Obama Is Responsible for the Protests in Ferguson—but Not in the Way You Think
The protests in Ferguson, Missouri, after police officer Darren Wilson killed unarmed teen Michael Brown were Barack Obama’s fault.
This is not a claim about law enforcement’s continued militarization under his administration. The federal government has been engaged in arming local police with the weapons of war for more than a decade. Further, the White House must be credited with announcing a decision to review the distribution of army surplus to local police forces and to consider limiting it in the future.

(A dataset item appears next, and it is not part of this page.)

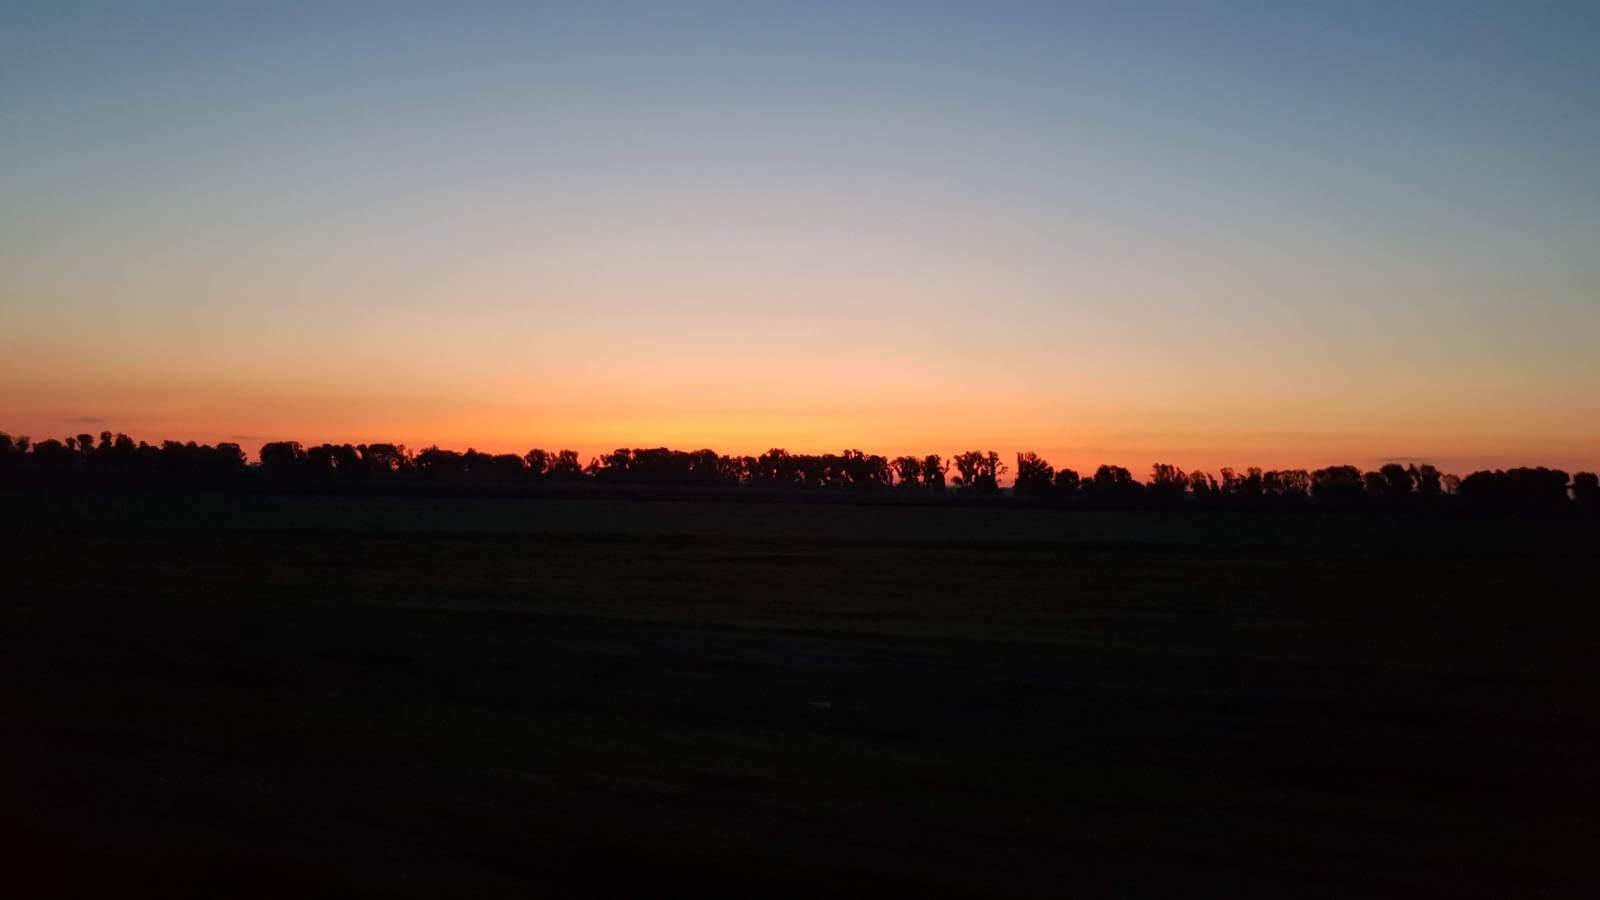 Na Westerplatte - poranek

This is also not a claim about the president’s decision to remain ensconced on the golf courses of Martha’s Vineyard as unrest exploded in Missouri’s streets. The optics of a vacationing president set against the breathtaking images of local police bearing down on American citizens with riot gear were discordant and deeply troubling. So too were the president’s lukewarm equivocations. But the administration must be credited with deploying Attorney General Eric Holder to the scene. Holder’s visit successfully conveyed the seriousness of federal authorities seeking both to calm the immediate crisis and to pursue justice in the case of Michael Brown.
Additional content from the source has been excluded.